SBC’s Earnings Tumble 17% on Expenses
SBC Communications Inc. said Wednesday that fourth-quarter earnings fell 17%, pushed down by costs for acquiring AT&T; Wireless and higher severance and pension expenses.
California’s dominant local telephone company earned $754 million, or 23 cents a share, down from $905 million, or 27 cents, in the same period last year. Revenue fell 3% to $10.3 billion.
For the year, SBC’s profit fell 30% to nearly $6 billion, or $1.79 a share, from $8.5 billion, or $2.56 a share. Revenue inched up less than 1% to $40.8 billion.
Analysts weren’t wowed by the results, though shares gained 13 cents to $24.58 on the New York Stock Exchange. Excluding various charges, earnings would have been 34 cents, a penny more than analysts had expected.
SBC fired 6,000 workers last year and will cut 7,000 jobs this year, mostly by eliminating jobs left vacant by those quitting or retiring. SBC has 163,000 employees; 44,600 in California.
“It’s very clear that over the past year, we’ve taken some important steps,” said Randall Stephenson, chief operating officer of the San Antonio company. Those steps have positioned the company for growth this year, he said.
A key step, he said, was the AT&T; Wireless acquisition in December that made its majority-owned Cingular Wireless the nation’s largest mobile phone carrier. Cingular added 1.75 million customers to its network in the final three months of 2004.

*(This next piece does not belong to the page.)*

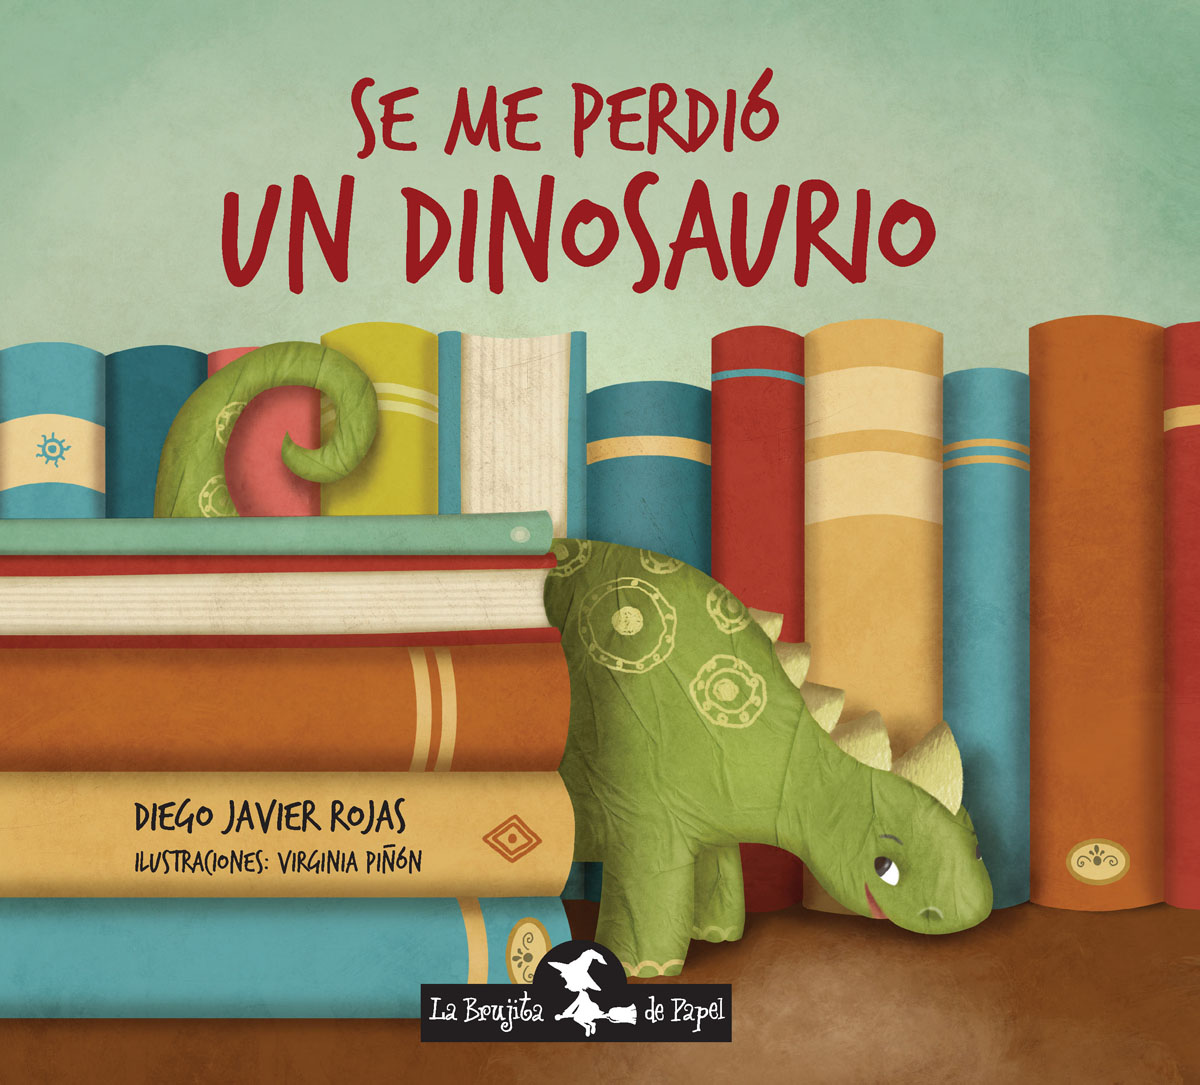 Se me perdió un dinosaurio - Rojas Diego Javier

Stephenson said another key step was the end of federal regulations requiring phone network owners to share their lines with rivals at regulated wholesale prices that the owners charged were below their costs.

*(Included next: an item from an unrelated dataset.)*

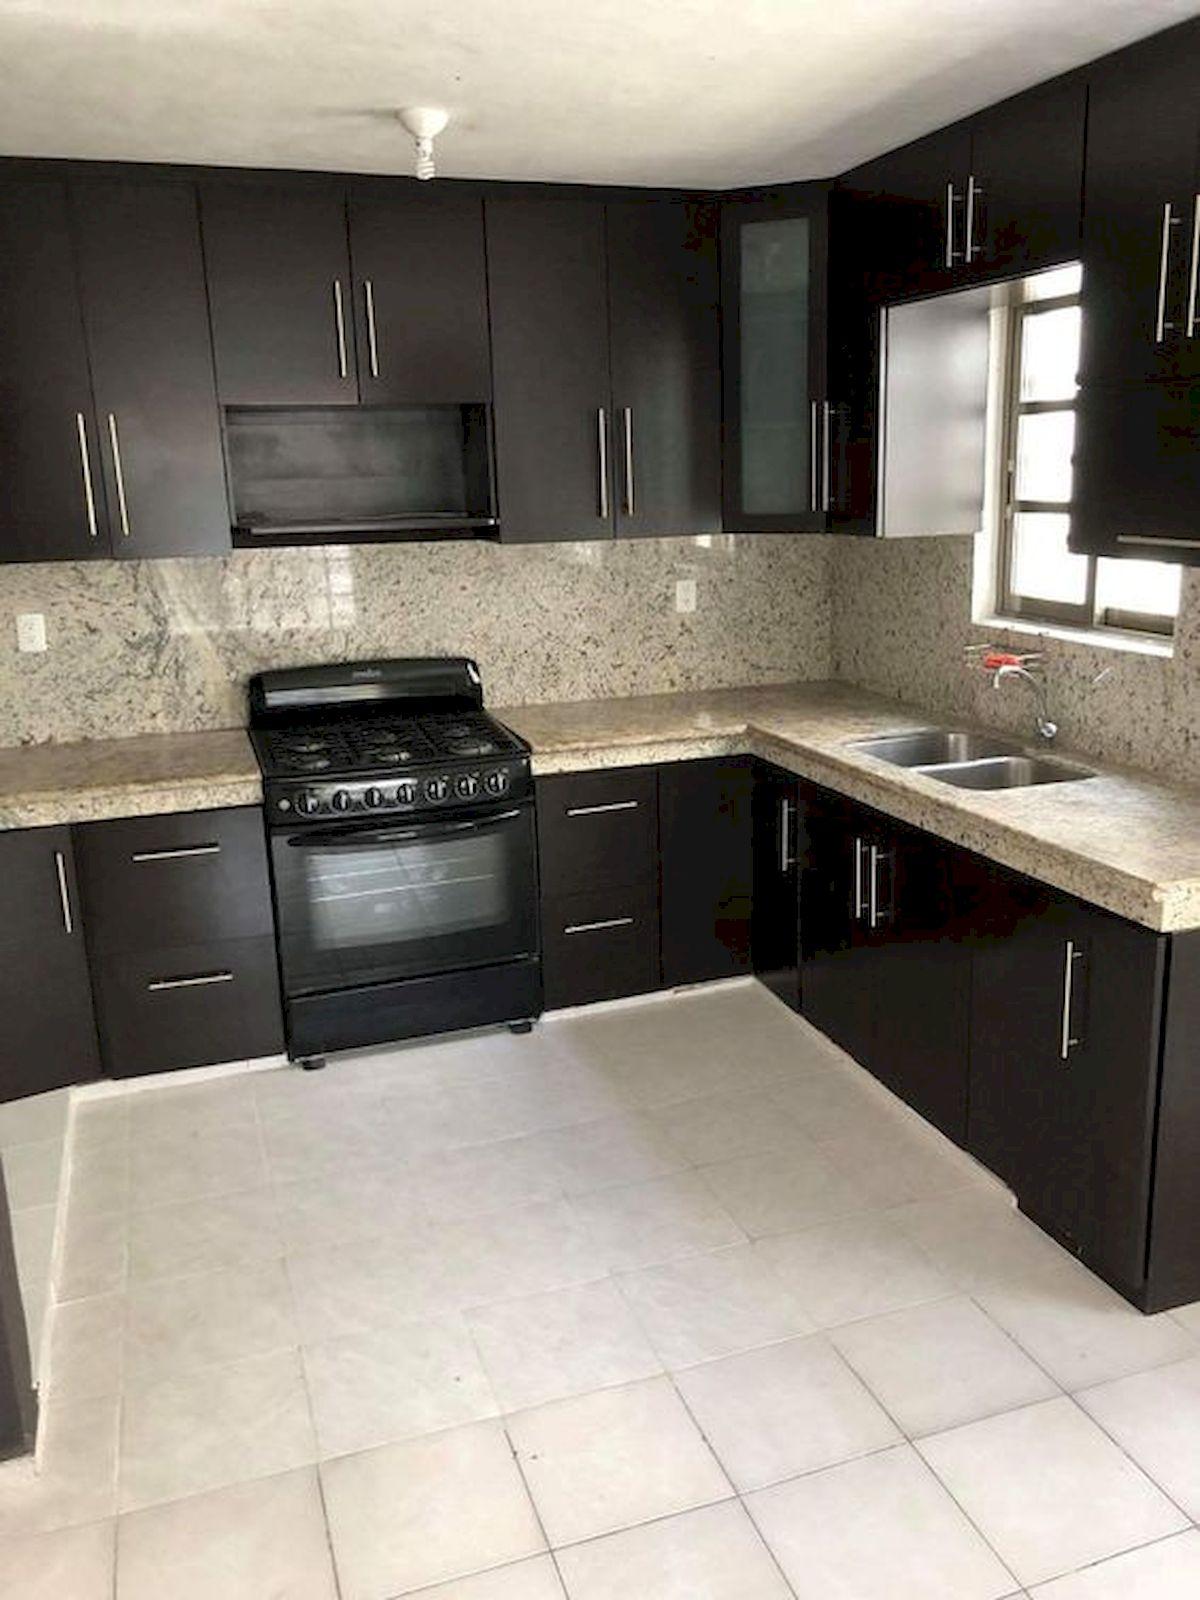 45 Easy Kitchen Decor and Design Ideas (14)

The change in rules, along with the industry-leading high-speed Internet service and the company’s general effort to bundle services, helped it win more wireline customers back from competitors.
Bundling helped SBC grab more of the long-distance market, adding 165 million customers. Stephenson said the company expected to control 60% of that market in its 13-state region by year’s end. But with prices low, overall wireline revenue rose only 3.6% to $9.3 billion.
“The results are just weak, partly because of all the charges,” said F. Drake Johnstone, an analyst with Davenport & Co. in Richmond, Va.
Daniel Zito, an analyst at Legg Mason Wood Walker Inc. in Baltimore, called the results “mixed,” noting that although the company regained access lines, revenue was soft.
The company looks to Cingular, which it owns with BellSouth Corp., as a major generator of revenue and a way into winning customers among larger corporations.
But Johnstone said Cingular, now with 49.1 million customers, falls short in key measurements compared with Verizon Wireless, a joint venture controlled by Verizon Communications Inc.
Cingular’s average revenue per customer fell 5.8% over the last year and its turnover in customers, though improved, was still 2.6% a month.
The average revenue at Verizon Wireless has risen quarterly and its turnover has been an industry low of about 1.5% per month. Verizon Wireless gained 1.7 million customers for the quarter, giving it a total of 43.8 million customers.
“My recommendation to clients,” Johnstone said, “is that they’re better off owning Verizon with the best-performing wireless operation than owning SBC or BellSouth with a poor-performing wireless operation and trouble putting this merged business together.”